Медленно, один за другим тянулись месяцы зимы. Что это была за пытка!.. Иногда по вечерам я забиралась к маме на постель, и мы шепотом делились впечатлениями: вспоминали наше пребывание в тюрьме и находили в тех днях больше преимуществ, нежели в нашем теперешнем положении. Там в промежутках между вызовами, от допроса до допроса, мы знакомились, а порой и сдруживались с такими же несчастными, как и мы. У нас были часы, когда мы все вместе разговаривали, обсуждали, советовались, предполагали — на это на все у нас было право, а здесь?.. Здесь все двадцать четыре часа мы чувствовали себя под надзором, жизнь наша была вся точно под стеклянным колпаком.

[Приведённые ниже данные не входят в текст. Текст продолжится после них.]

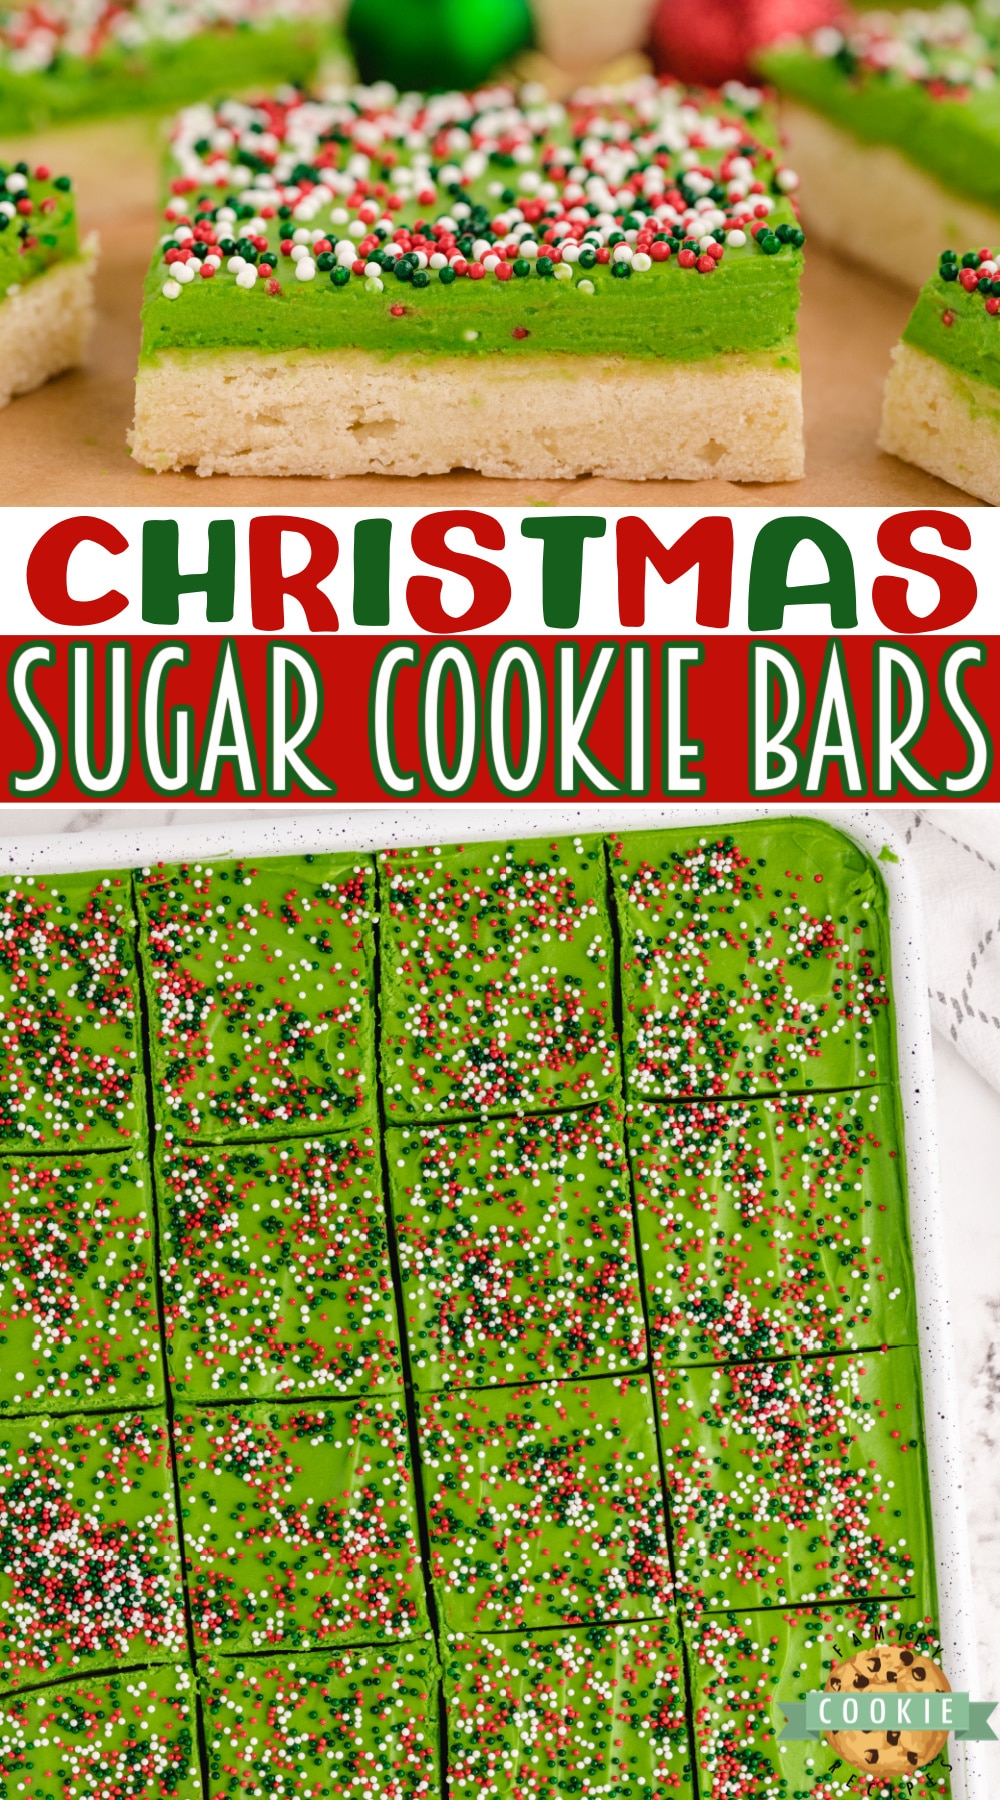 Christmas Sugar Cookie Bars are thick, soft and absolutely amazing! Best sugar cookie bar recipe that I've ever tried!

Неусыпные глаза следили за нами. Мама, Наталья Александровна, Леля, Валя и я уже никогда больше не вели ни о чем общей беседы. В любой наш разговор неизменно вмешивался либо сам Агеев, либо Колосовский, либо несколько человек сразу. Стоило нам всем вместе сесть читать вслух, чтобы отдохнуть, как Агеев и Колосовский подсаживались к нам.
Когда мама со мной хотела пойти в баню при больнице, Агеев не пустил.
— Мойтеся в кухне, — мрачно сказал он, — никуды за ворота не пойдете.
На все наши вопросы он отвечал, что ждет относительно нас какого-то «особенного распоряжения».
Заняв весь первый этаж флигеля, Агеев устроил в нем свою резиденцию. К нему приезжали то из Москвы, то из Нары. Он получал много почты и отвечал на нее, сидя в так называемой «бывшей офицерской» комнате за письменным столом моего брата. Долгими часами разбирал какие-то бумаги.
Жалоба Владыкиной, посланная в Центр, только узаконила вторжение Агеева на территорию, принадлежавшую больнице, и утвердила его проживание на ней.
О Фоменко ни сам Агеев, ни его товарищи и никто из нас никогда не вспоминали, и казалось, что той страшной ночи никогда не было.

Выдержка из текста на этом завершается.